Almost 40% of Americans wouldn’t be able to cover a $400 emergency with cash, savings or a credit card charge that they could quickly pay off, according to a 2019 Federal Reserve survey. However, the coronavirus disease 2019 (COVID-19) crisis is showing that many small businesses have cash-flow issues as well and essentially live the equivalent of “paycheck to paycheck.” Steep declines in consumer demand can easily tip them into the red and, perhaps, failure.
As cases of COVID-19 continue to rise throughout the country, so does its impact on our economy. From stock market dips to decreased foot traffic in thriving neighborhoods, this pandemic is devastating all facets of life. With Gov. Whitmer’s “shelter in place” order many people are forced to stay home. Companies are putting employees on leave, slashing salaries and some are even forced to shut down.
Small businesses in Detroit are being bombarded with COVID-19 related issues that they could have never foreseen and therefore had no plan in place. Small, independent, local, and family-owned businesses are posting social media appeals to encourage people to keep supporting them.
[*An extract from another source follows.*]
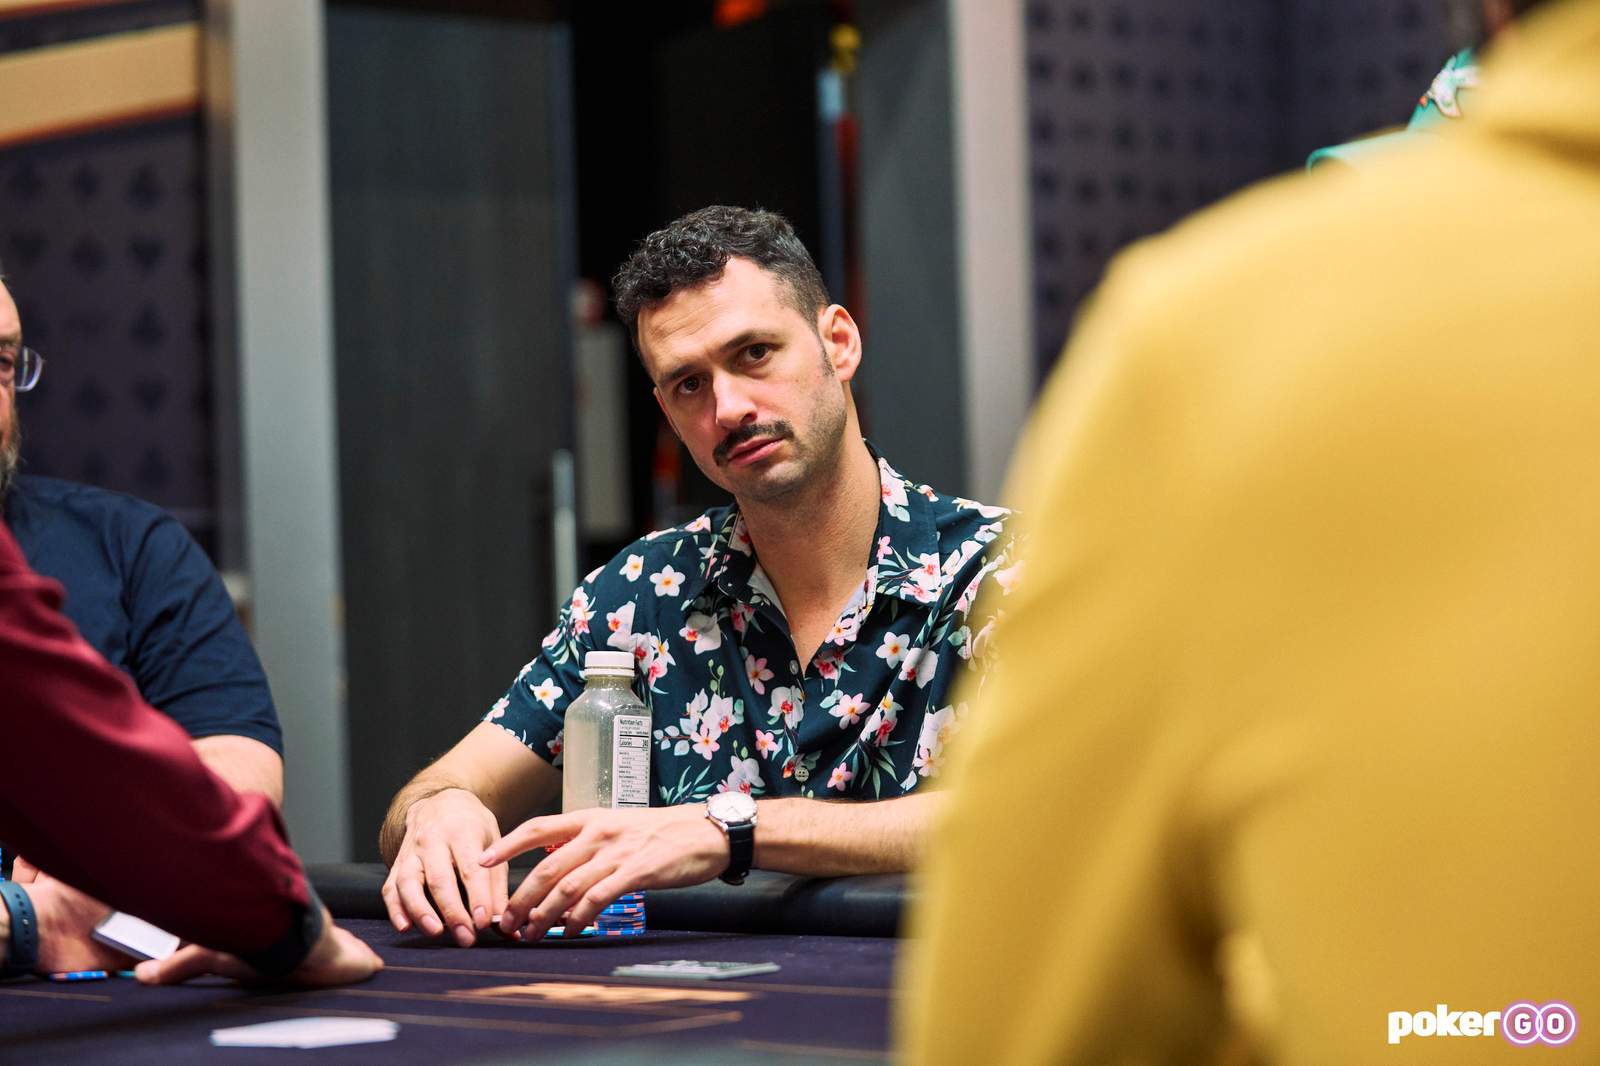 Alex Livingston Bags the Chip Lead in PGT Mixed Games Event #5: $10,300 Triple Draw Mix

Restaurants, bars, entertainment venues, and other types of businesses have been ordered to close or shift, where possible, to takeout and delivery only.
Many businesses may have to close their doors over the next several weeks. Closures could be temporary; in some cases, they might turn out to be permanent.
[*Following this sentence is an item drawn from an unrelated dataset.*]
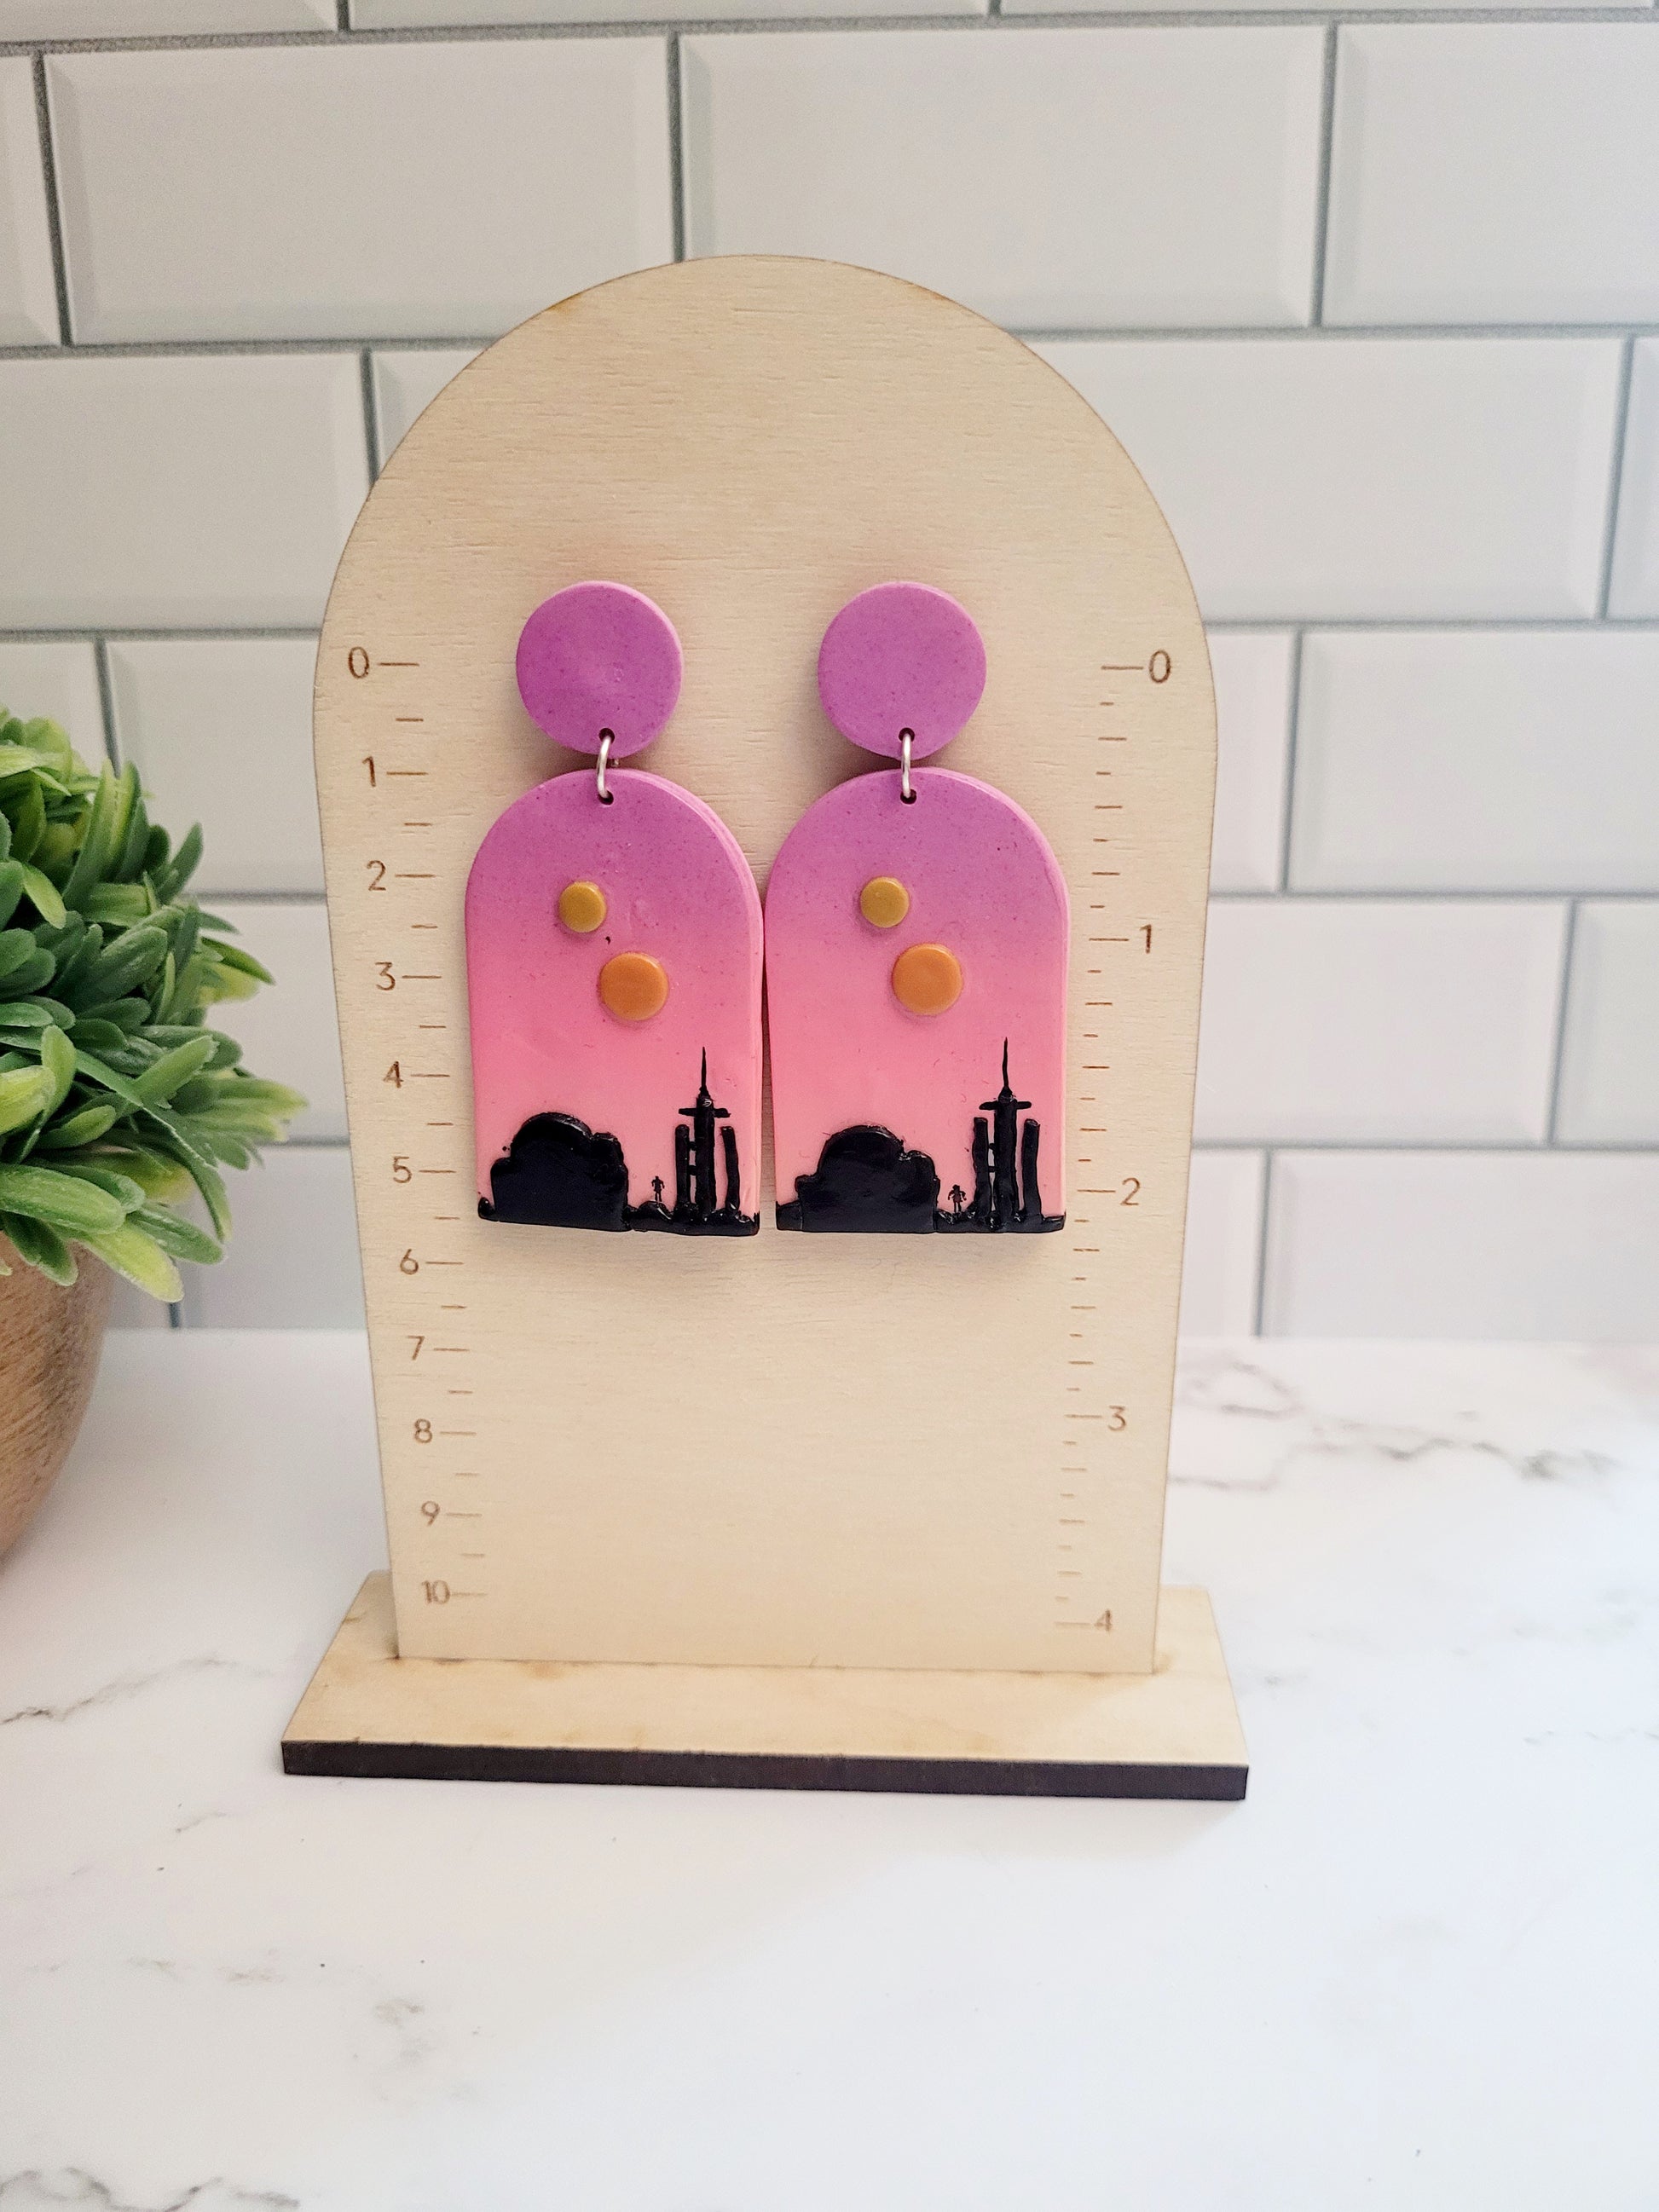 Arch earrings with a sunset landscape on a ruler

While most have never experienced anything like this before it is imperative that something be done to mitigate the damage. It is vital that our federal and state officials enact short- and long-term policies that will offset these effects, particularly for our small business community whose success is critical to our nation’s economic health.
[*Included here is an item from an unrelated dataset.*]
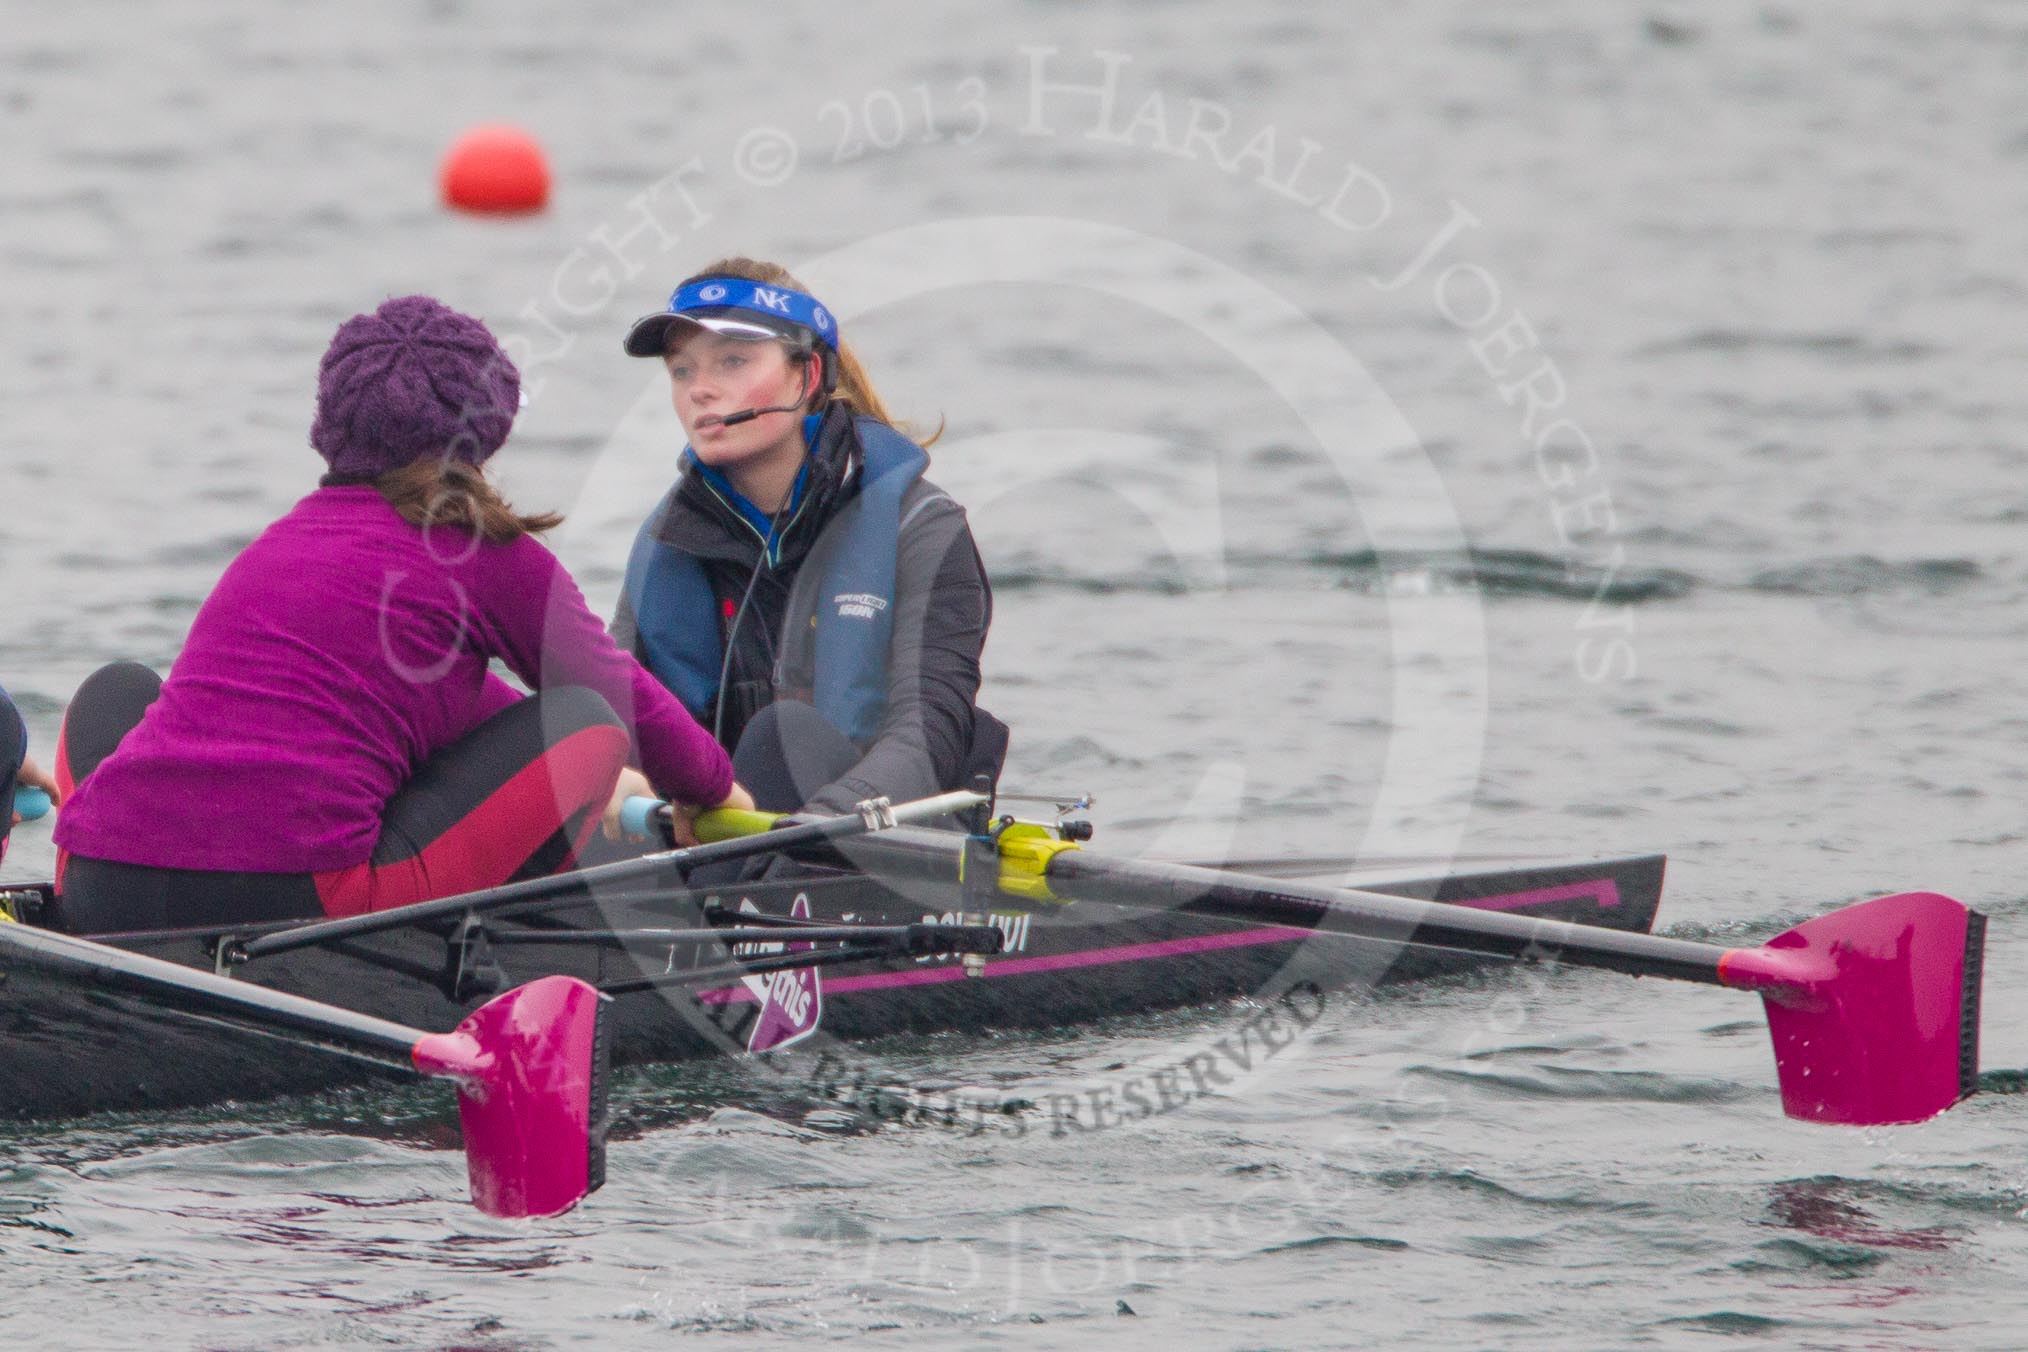 Intercollegiate Women's Race 2013: Downing College, Cambridge, with stroke Jennifer Joule and cox Ruth Wood.

The City of Detroit, Detroit City Council and the Detroit Economic Growth Corporation (DEGC) today announced a $3.1 million COVID-19 Small Business Relief Fund to help businesses throughout Detroit survive the financial impact of the COVID-19 crisis. This is the first phase of a massive assistance program that addresses the cashflow problem resulting from Executive Order 2020-20 — Governor Whitmer’s temporary restriction on places of public accommodation.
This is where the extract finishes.